The Christchurch City Council has issued a stark warning that proposed changes to resource management law could force it to abandon the protection of the city’s most significant natural and historical sites because it cannot afford to pay for them.
As part of the government’s major overhaul of the Resource Management Act (RMA), a new compensation scheme is on the table. The proposal would require councils to pay private landowners if their ability to develop property is restricted to protect areas of high environmental or heritage value. This compensation could come in the form of cash payments, land swaps, or other forms of relief, paid for by ratepayers.
The government, led by RMA Reform Minister Chris Bishop, intends for the changes to streamline development and put an end to what he calls a 'culture of no'. He previously cited the expensive, 18-month redesign of a neo-Georgian apartment building in Christchurch’s Arts Precinct as the 'sort of nonsense' the reforms aim to solve after developers clashed with council expectations.
However, the council says the financial implications of the compensation scheme are unworkable, describing it in its February feedback on the proposal as a “poorly conceived and unfunded mandate”.
'Unfunded mandate' creates impossible choice
In its submission, the Christchurch City Council expressed deep concern about the proposal. The council has a legal obligation under existing law to identify and protect important areas from inappropriate development. It warned that if the compensation scheme is enacted, it could face an impossible choice: pay landowners for protections the city cannot afford, or allow development to proceed, resulting in the irreversible loss of treasured landscapes and buildings.
The council noted this financial pressure is compounded by the government's foreshadowed cap on rates, which would further limit its ability to fund compensation payments. The submission also highlighted the “significant costs” required to implement the wider planning changes, arguing that local authorities lack the resources and technical experts to meet the proposed deadlines.
These concerns are not unique to Christchurch. Auckland Council voiced similar fears during its submission to Parliament’s select committee in March. Other councils across the country have echoed the sentiment, creating what Green MP and environment committee member Lan Pham described as “a united chorus just saying, do not do this to us.”
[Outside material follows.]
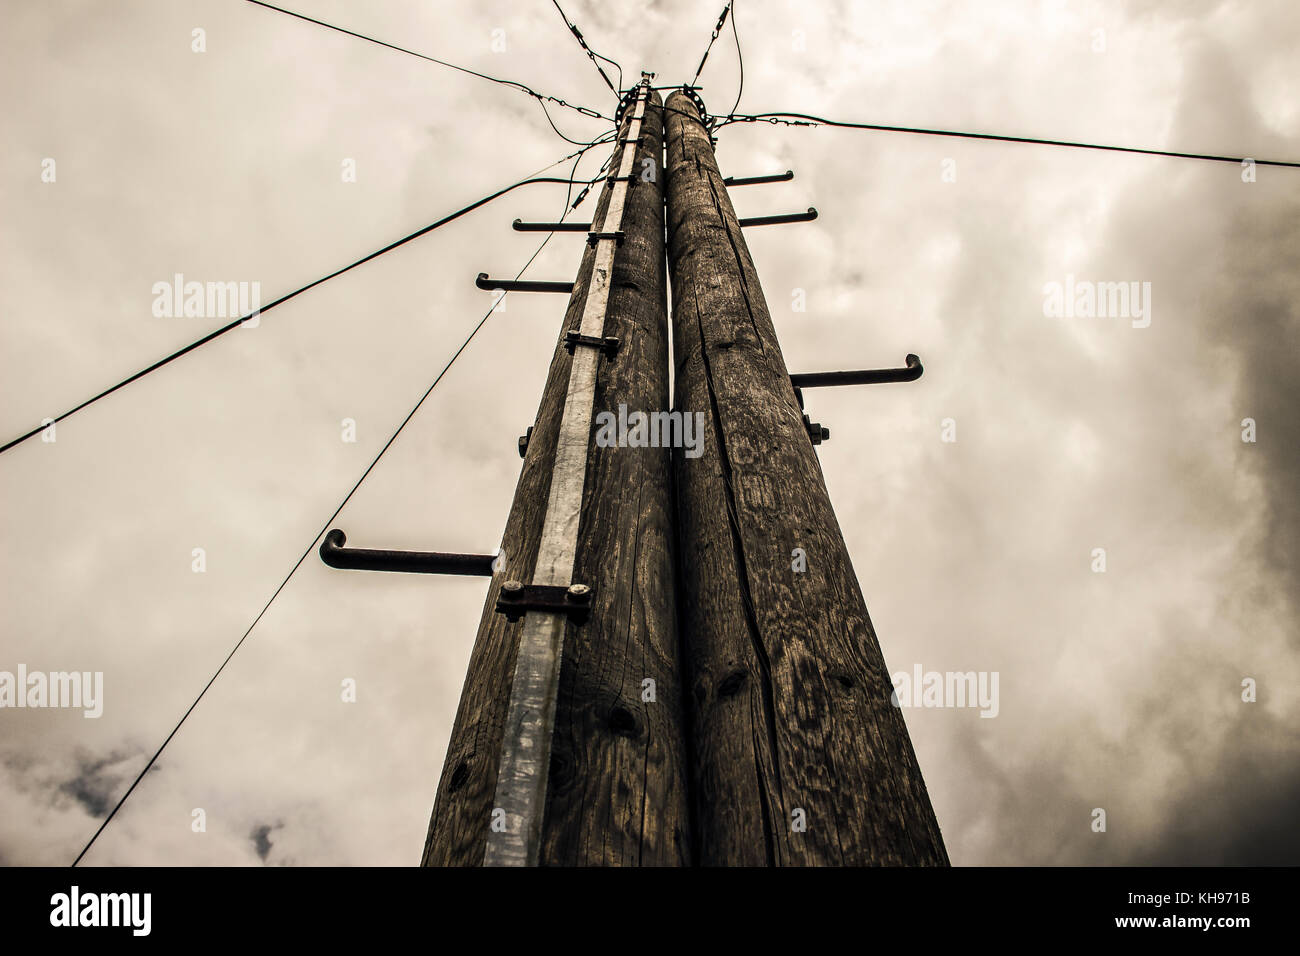 Serbien - elektrische Pole mit Blitzableiter gegen die stürmischen Himmel Stockfoto

The government plans to establish a new Planning Tribunal to resolve disputes over compensation, but the Christchurch council anticipates this will lead to “extensive litigation”, adding another layer of cost for ratepayers to bear.
A 'perverse disincentive' for protection

The compensation requirement could be triggered for land that includes significant historic heritage, sites of significance to Māori, outstanding natural features or landscapes, high levels of indigenous biodiversity, and protected coastal areas. The rule would apply to all privately held land, including property in coastal and marine areas.
Act MP Simon Court, who helped develop the new bills, has argued that if a restriction on private land is truly valuable to the community, councils should have little trouble convincing ratepayers to fund it. However, critics argue the opposite will occur.
Green MP Lan Pham said the relief system would act as a “perverse disincentive” for councils to identify and protect biodiversity, particularly when effective alternatives like Queen Elizabeth II covenants already exist.
This view is shared by heritage advocates, who fear the potential financial liability will have a chilling effect on their work. In a recent column, architectural historian Ian Lochhead said the proposal would be devastating for the preservation of our built history.
It is not hard to imagine that cash-strapped councils will simply abandon heritage listings in the face of ongoing claims for compensation. Downgrading the place of heritage in the planning system will ultimately lead to a downgrading of society itself.
Heritage protection power 'rarely used'
Heritage New Zealand Pouhere Taonga already operates under a similar constraint. The organisation has the power to issue heritage orders to protect significant sites, but this can make it liable for compensation. Richard Barrett, Heritage NZ’s director of organisational development, said this financial liability has to be “carefully considered” before acting.
As a result, the power is used “very rarely and only in exceptional circumstances”, with just 16 heritage orders currently in place across the country. Mr Barrett said that while Heritage NZ supports protecting property owners' rights, it is concerned the proposed framework is “misaligned” with the country’s heritage protection responsibilities.
The debate comes as Christchurch continues to grapple with the balance between growth and preservation. The rising cost of major infrastructure projects, such as the Akaroa wastewater scheme, already places significant strain on council budgets, raising questions about where funding for a new compensation scheme would come from, an issue also being examined in plans such as the University of Otago campus master plan.
In its submission, the council acknowledged the benefits of giving landowners more freedom, but it also pointed to the “real risk” to the rights of neighbours and the wider community’s enjoyment of their environment. It has asked for more time to transition to the new system, which is expected to pass into law in 2026 and become operational by 2029.
“This is a once-in-a-generation opportunity, and it’s necessary to ensure the legislation will deliver for the well-being of present and future generations,” the council's submission stated.